Getting your content governance house in order starts with treating your information as an asset -- just as you would your revenue-generating resources.

The term content governance, and others like it, is so often bandied about, the issue can take on the trappings...

of a religious movement -- right up to and including the existence of caterwauling crusaders who blindly preach rigid doctrine on how to take control of one's information.

Although I firmly believe in the whole governance "thing," I am not a fan of slavish obedience to dogma because too many cultural and operational differences exist between organizations for there to be one single truth.

Having said that, though, I do believe that five commandments, when followed, can bring considerable earthly benefit:

1. Thou shalt treat information as an asset

Whether you acknowledge it or not, information lies at the heart of everything your organization does. Information drives decisions, and whether these decisions are good or bad often depends upon the quality of the information at hand.

Therefore, maintaining high-quality information is fundamental to an organization's success, and the best way to accomplish this is to propagate a commitment to content governance up and down the organizational chart -- "from the boardroom to the mailroom," as it is said. The idea is to ensure that information is consistently treated as an asset throughout the enterprise, paying particular attention to how it's created, updated, tracked, protected, shared and disposed of.

2. Thou shalt control access

Many organizations use shared drives extensively to facilitate the sharing of their content -- and sometimes it works so well that their information ends up in places like competitors' inboxes and on social media.

Contrary to one popular belief, countering this isn't a function of locking down everything tightly -- all that does is deny people entry to much of what they need to do their jobs. Instead, consider clearly defining people's roles so you can effectively match their access permissions to their information requirements. Whether managed through the content system or a company directory service (e.g., LDAP), this is a great way to ensure everyone sees what they're supposed to and no one sees what they're not.

3. Thou shalt apply metadata

"Seek, and ye shall find" may be a notable Biblical exhortation, but for many organizations its fulfillment is not yet a practical reality. In most cases, the reason is that information is stored in siloes throughout the enterprise, and the owners of those siloes use different vocabularies to describe what each bit of content is -- if, indeed, any description is present.
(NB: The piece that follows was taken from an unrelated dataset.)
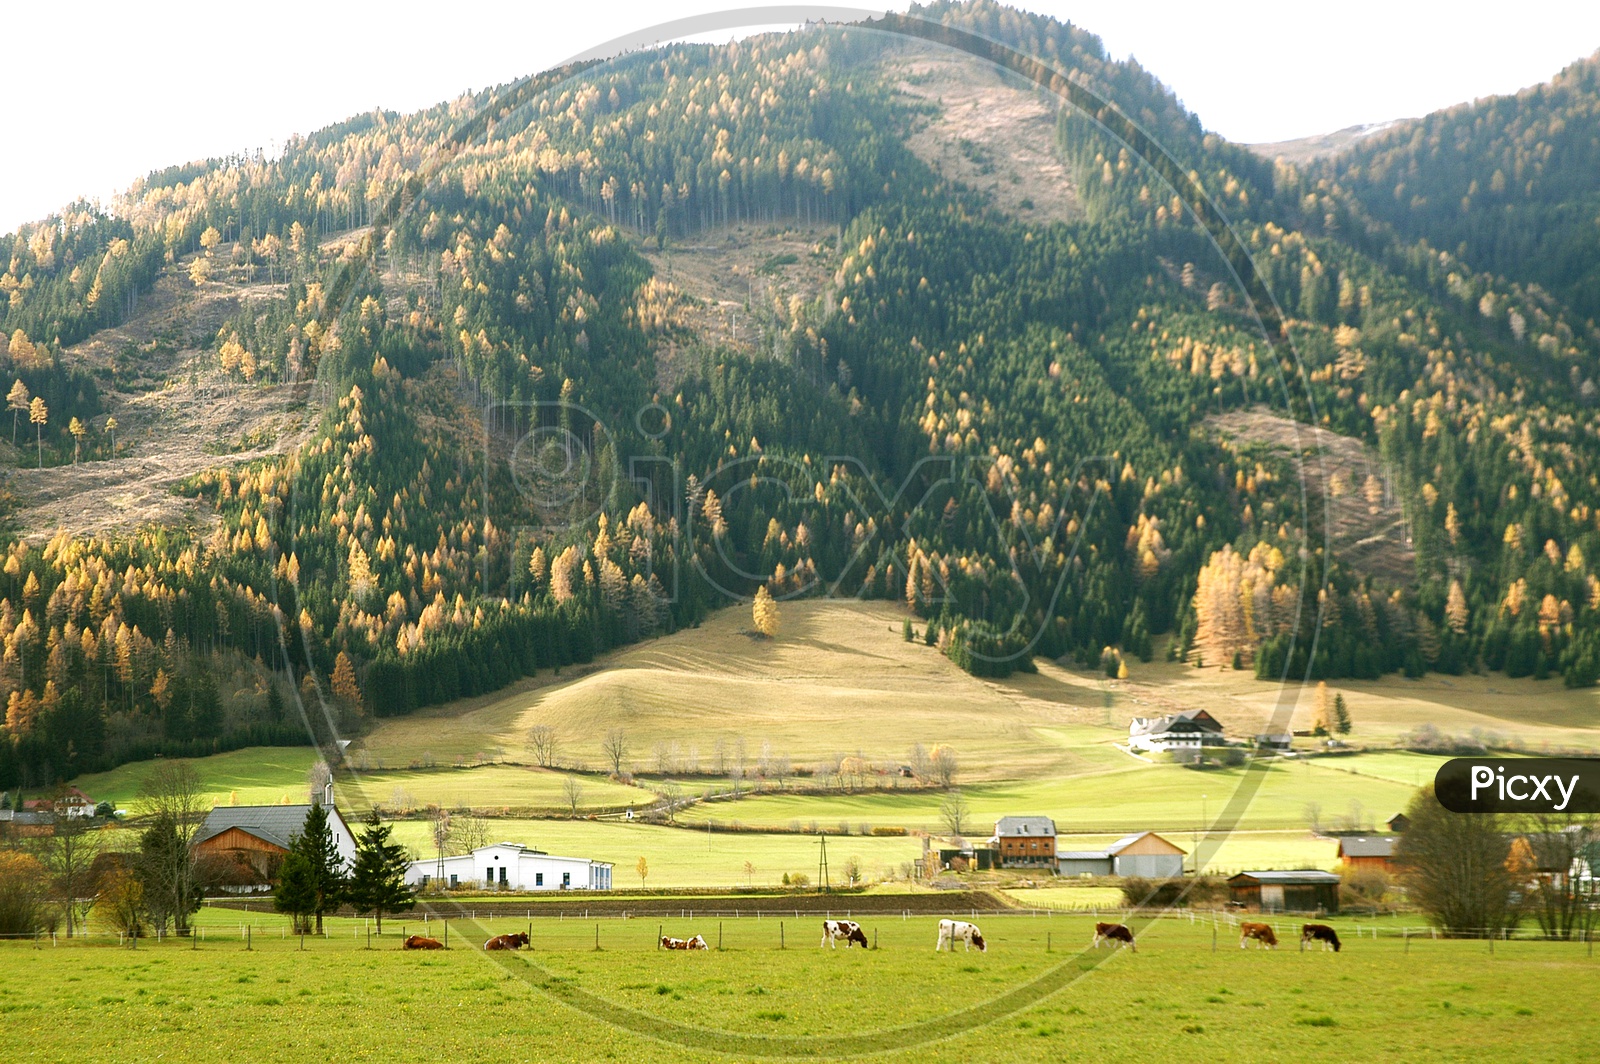 Cattle grazing in the meadows with Swiss Alps in the background

Fixing this means making sure a certain minimum number of descriptors is applied to each item. In information management terms, this is what lies at the heart of metadata management, and it is key to enabling enterprise search and find. Good content and records management systems have this at their core, and even email systems and shared drives support some measure of the capability. But none of it is worth anything if people aren't trained/indoctrinated/browbeaten to use it properly and consistently, and so, often, they simply don't.
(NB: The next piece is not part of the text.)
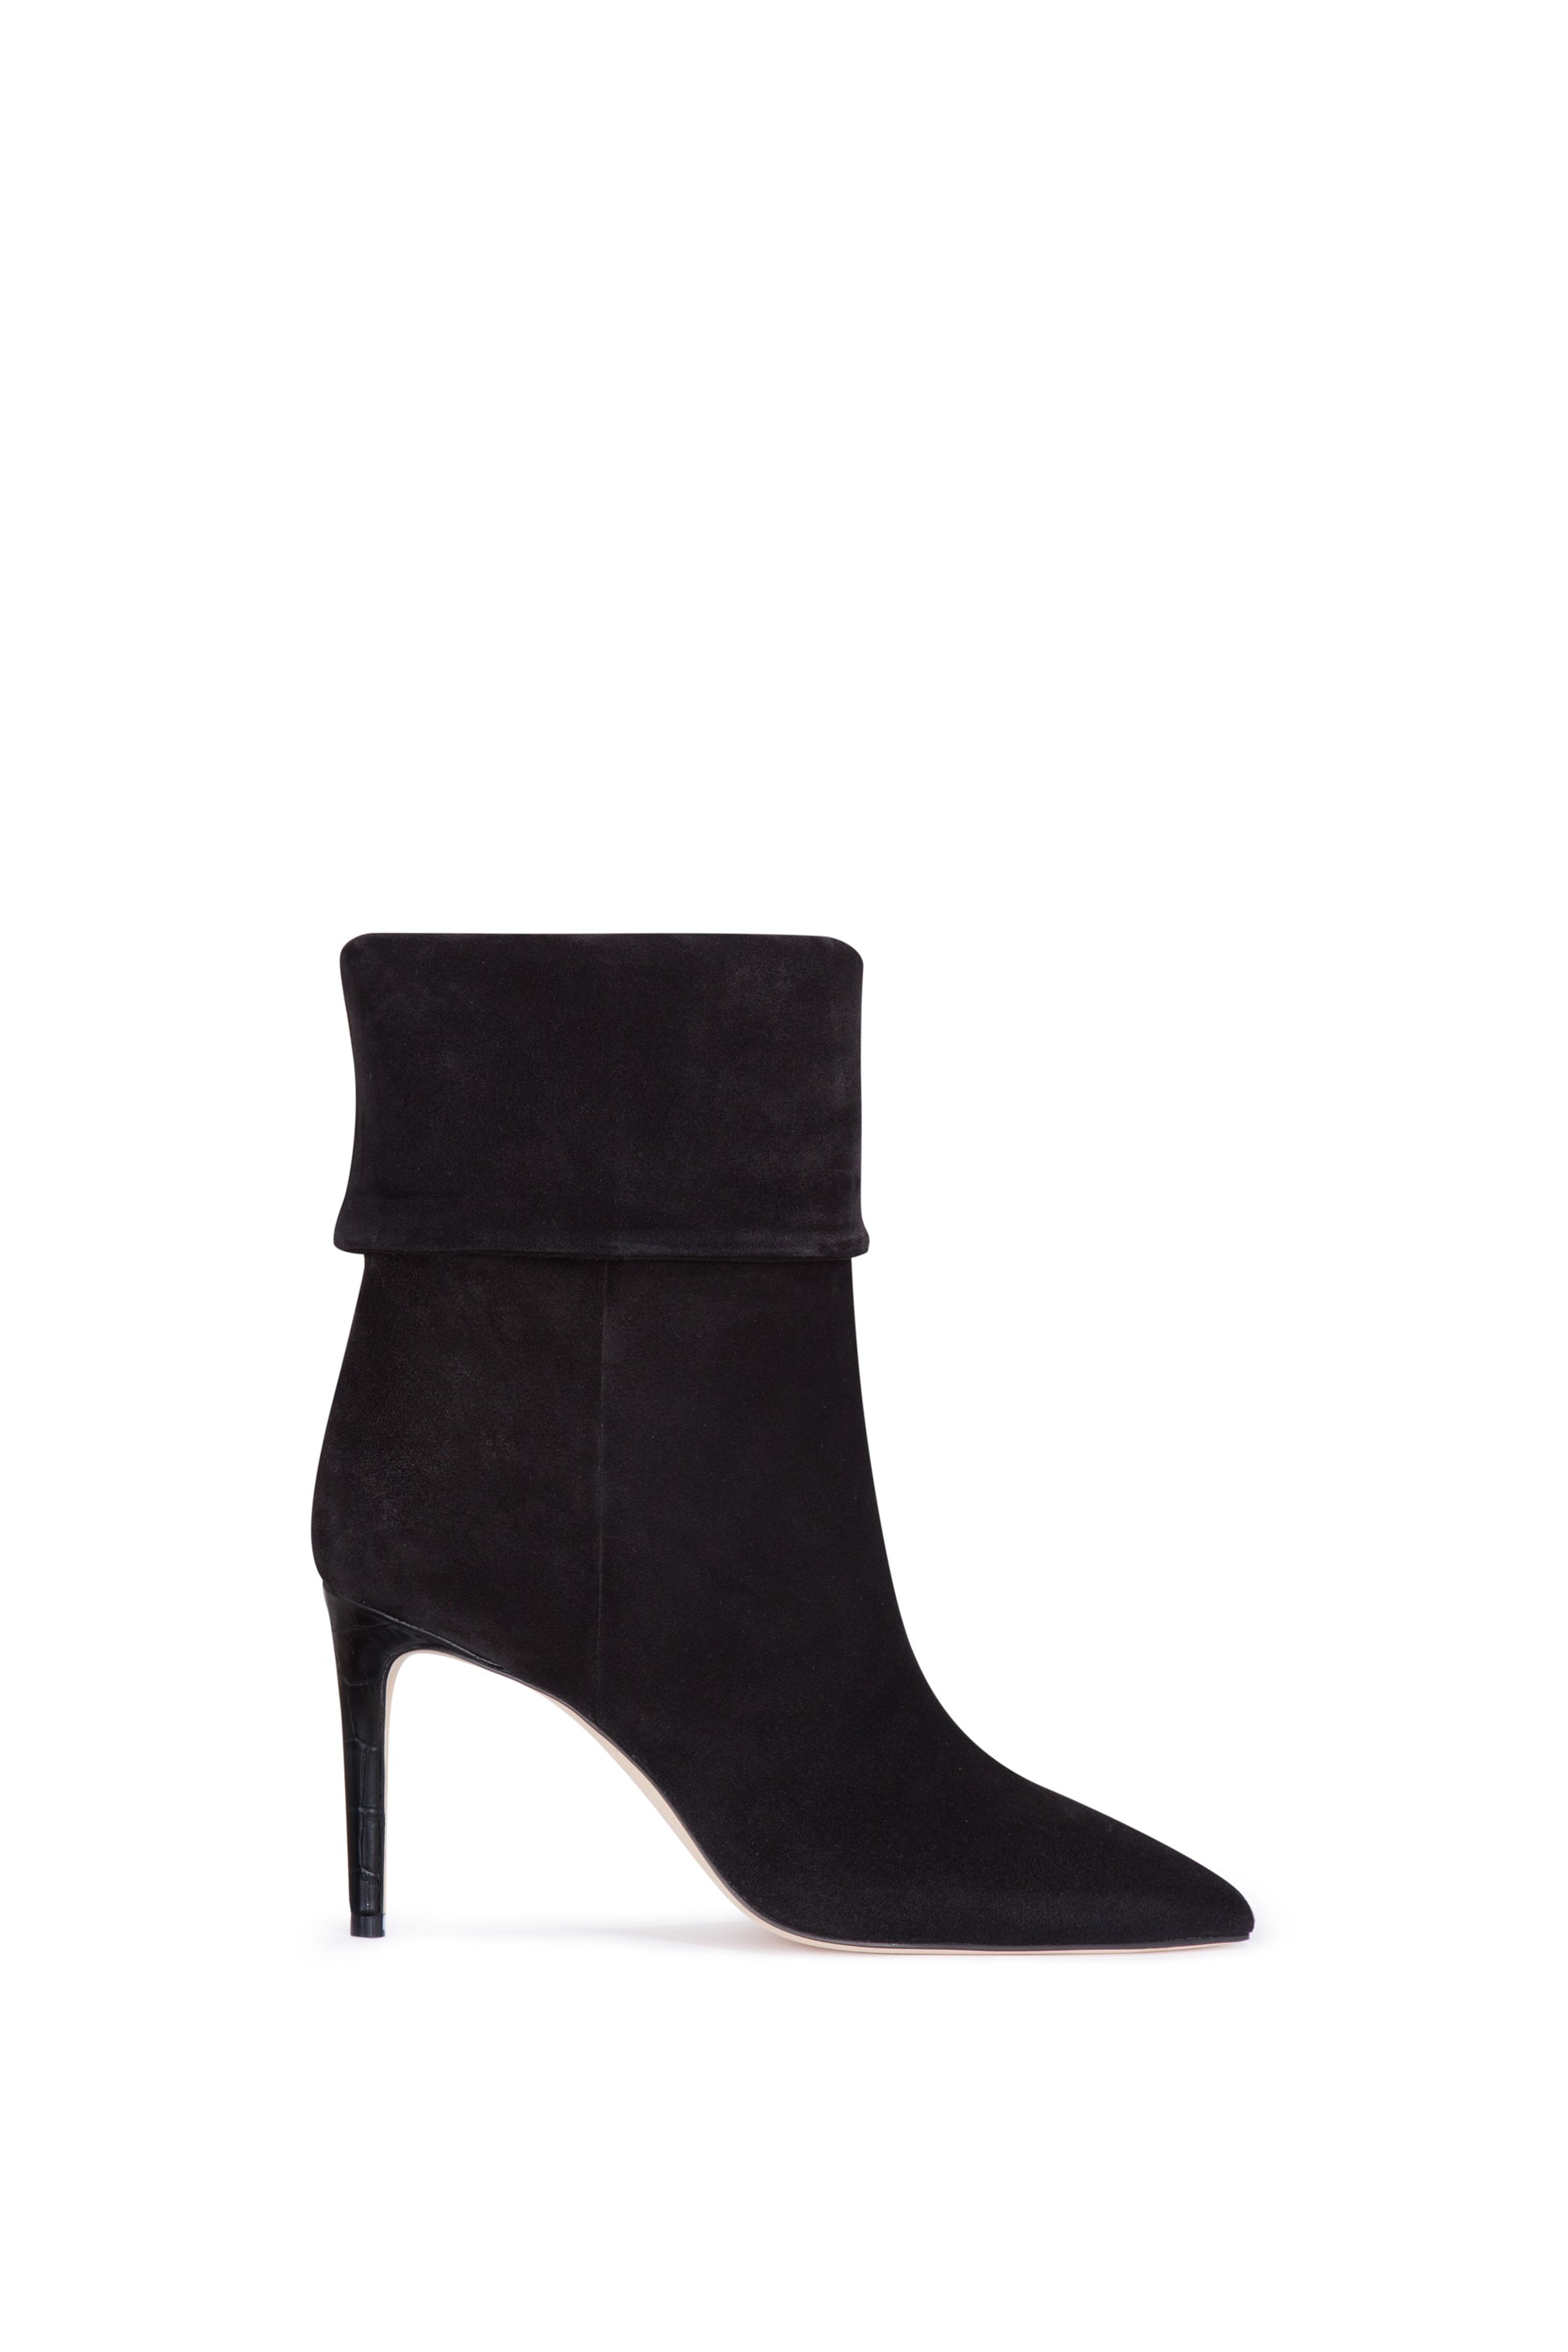 Black calf suede ankle boots with turn-down collar - Main side

4. Thou shalt mandate retention and destruction

If having information is good, then having more of it must be better, right? Wrong! Letting content accumulate makes search/find/management that much more challenging and expensive, and it can represent a legal liability because anything hanging around is potentially discoverable in the event of a lawsuit.

The answer, then, is to mandate how long your information has to be kept, how to dispose of it when the time comes -- and then, to actually get rid of it. The specifics of such a schedule, of course, depend on the kind of content it is, the rules and regulations of the industry in which you reside, and even on your own internal best practices. But it has to be done. And don't forget to maintain a record of how and when your records were destroyed.

5. Thou shalt enforce thy policies

For all the piety associated with observing the preceding four commandments, this fifth one may be worthy of the most devotion because people often consider a lack of enforcement to be a license to freestyle. As an example, just think about how much faster you'd drive if you didn't have to worry about a speeding citation.

Enforcing policies, however, doesn't mean you have to be heavy-handed. Investing in training, coaching and positive reinforcement will lay a solid foundation for compliance without the need for anyone to be a disciplinarian. But at the same time, drawing that line in the sand when dealing with especially "hard cases" is important so everyone in the organization knows you're serious about establishing your content governance rigor.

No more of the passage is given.